A planar coil of area 7 ${\mathrm{m}}^2$ carrying an anti-clockwise current 2 A is placed in an extemal magnetic field $\vec{B}=(0.2\hat{i}+0.2\hat{j}-0.3\hat{k})$, such that the normal to the plane is along the line$(3\hat{i}-5\hat{j}+4\hat{k})$. Select correct statements from the following .  ( Consider Normal of the coil and Magnetic moment vectors to be in  the same direction ) 
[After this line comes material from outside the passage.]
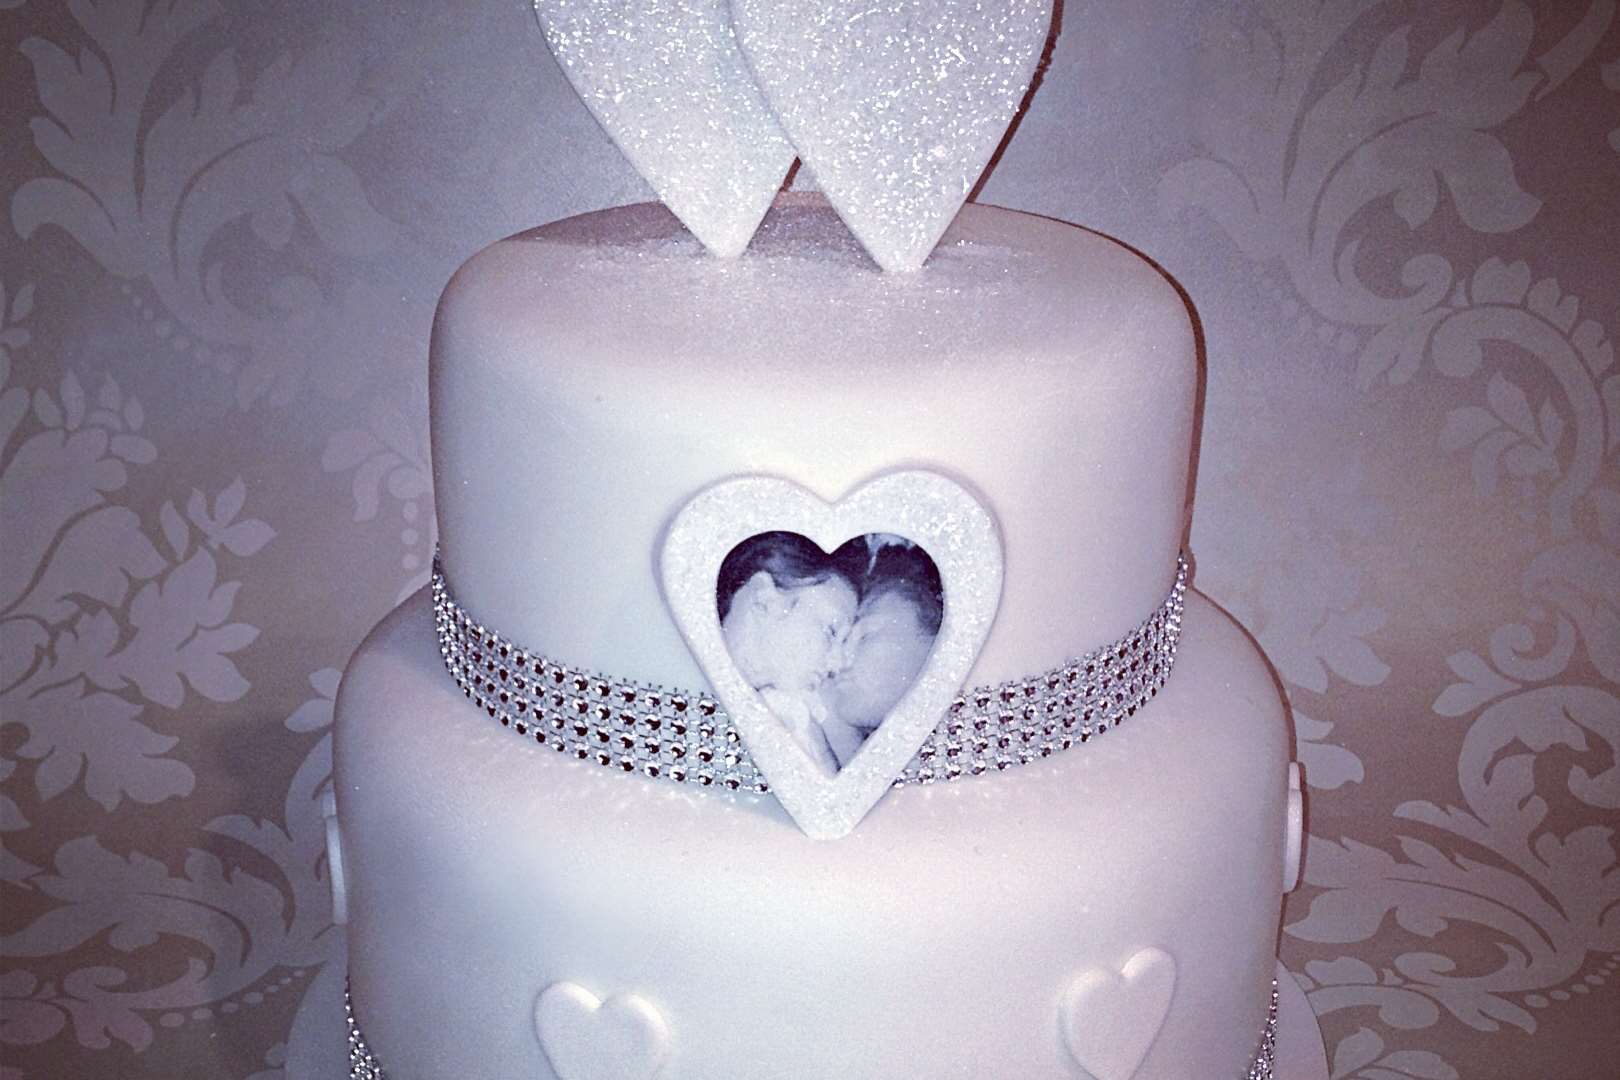 Mark and Michelle Wright's engagement cake

Area $A=7m^2,$ Normal $\hat{n}=\frac{1}{\sqrt{50}}(3\hat{i}-5\hat{j}+4\hat{k})$
$\simeq \frac{1}{7}(3\hat{i}-5\hat{j}+4\hat{k})$
$\therefore$ area $\vec{A}=(3\hat{i}-5\hat{j}+4\hat{k})m^2$
Magnetic field $\vec{B}=(0.2\hat{i}+0.2\hat{j}-0.3\hat{k})T$
Current $I=2A$
$\therefore$ magnetic moment $\vec{M}=I\vec{A}=(6\hat{i}-10\hat{j}+8\hat{k})A{m}^2$
$|\vec{M}|\simeq 14A{m}^2(2\times 7=14)$
Potential energy U$=-\vec{M}.\vec{B}$
$=-[1.2-2-2.4]=3.2J$
Let $\theta$ be the angle between $\hat{n}$ and $\vec{B}$(i.e.,)between $\vec{M}$ and $\vec{B}.$
Now,U$=-MBcos\theta .$
$\therefore cos\theta =-\frac{U}{MB}=-\frac{3.2}{14\times 0.4}(\because \sqrt{0.17}\simeq 0.4)$
$=-\frac{4}{7}=-0.57$
$\theta =\pi -co{s}^{-1}(0.57)$